Home > Uncategorized > Brisbane Times – “Gay parents welcomed. Just not for adoption” by Conal Hanna

Brisbane Times – “Gay parents welcomed. Just not for adoption” by Conal Hanna

Anna Bligh and her Labor Government in Queensland once again show what they really believe about equality.  They don’t believe in it.  They are essentially no different than the homophobic opposition parties.  This makes Anna Bligh the worst person of the week.

Katherine Eastaughffe (left) and Una Harkin with son Daniel Eastaughffe.

Katherine Eastaughffe and Una Harkin are lesbians.

They’re also mothers, to six-month-old Daniel, whom Katherine gave birth to after undergoing fertility treatment.

The Queensland Government has no problem with lesbians using IVF to have children.

Neither do they have a problem with taking on Katherine and Una as registered foster carers.

But they draw the line at gay adoption, meaning Una cannot be legally recognised as one of Daniel’s parents.

The Bligh Government’s refusal to consider same sex adoption is being used as part of a renewed push for federal laws preventing discrimination against gays and lesbians.

A Galaxy poll released today reveals 85% of Australians support the case for a national law on the issue.

Ms Eastaughffe told brisbanetimes.com.au the State Government’s Adoption Bill 2009, reintroduced to Parliament in April, was clearly discriminatory.

"It was a joint decision to have Daniel. He is very much both of ours," Ms Eastaughffe said.

"If Una was a man, there’d be no issue either way. Either by having her name on the birth certificate or by being able to adopt him as a step-parent.

"It doesn’t make sense to me. A man might not be the biological father but he is still treated as the parent, but not if it’s a woman who’s the "non-biological parent". That just seems outright discrimination."

Ms Eastaughffe said she and Ms Harkin, who’ve been together nine years, were completely open when applying to be foster carers for the State Government last year.

"We were quite honest and they were fine about that. In fact the foster care agencies see gay and lesbian couples as quite a resource to use," Ms Eastaughffe said.

"It smacks of somehow we’re good enough to look after children who’ve had a difficult life – and they’re the ones in some sense that need the best parenting – but not deemed good enough to be able to adopt, either our own children or other children."

Australia’s Human Rights Commissioner, Graeme Innes, said he was eager for a national law, similar to those governing discrimination on the basis of race or gender.

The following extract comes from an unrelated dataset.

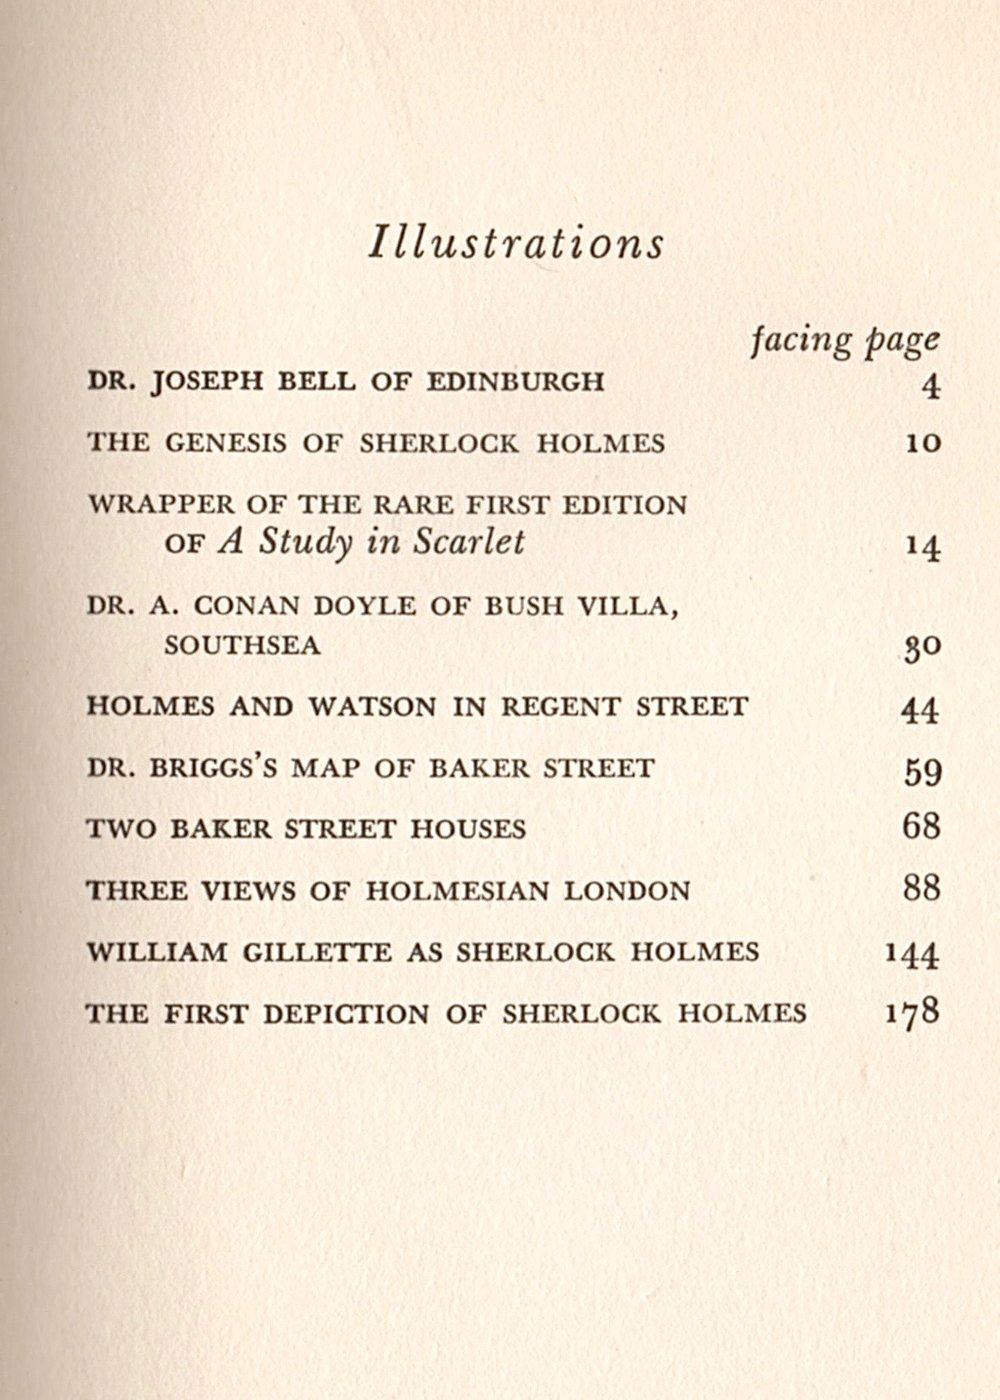 TPLOSH 1934 illus page.jpg

"Frankly, this is a demonstration of why we need such a law because all the research indicates there’s no difference in terms of the impact on the child as to whether their couples are same sex or opposite sex orientation," Mr Innes said.

"There’s no basis to discriminate on someone just because of who they love."

Mr Innes described Section 8 of Queensland’s Adoption Bill, which says the new law would apply "despite" the state’s own Anti-Discrimination Act, as very unusual.

"There are laws and principles of non-discrimination that Australia has committed to for a long time and unless there’s clear evidence which indicates that discrimination is necessary, then no, the principle of non-discrimination should apply," he said.

Queensland Child Safety Minister Phil Reeves said same sex parenting was a "complex and sensitive" issue.

He said the government was planning to conduct a review on the status of children being cared for by same sex parents, but it appears unlikely to change the government’s view on the issue of adoption.

"In an environment when you have such a small number of babies and such a large number of couples seeking to adopt, the onus is on the state to make a judgement about the best possible placement for a child and the prospect of that being anything other than opposite sex couples, we think is very low," Mr Reeves said.

But Corey Irlam, of the Australian Coalition for Equality, who commissioned the 1100-person Galaxy poll, said there were far more same-sex parents looking to adopt the children they already raised than strangers.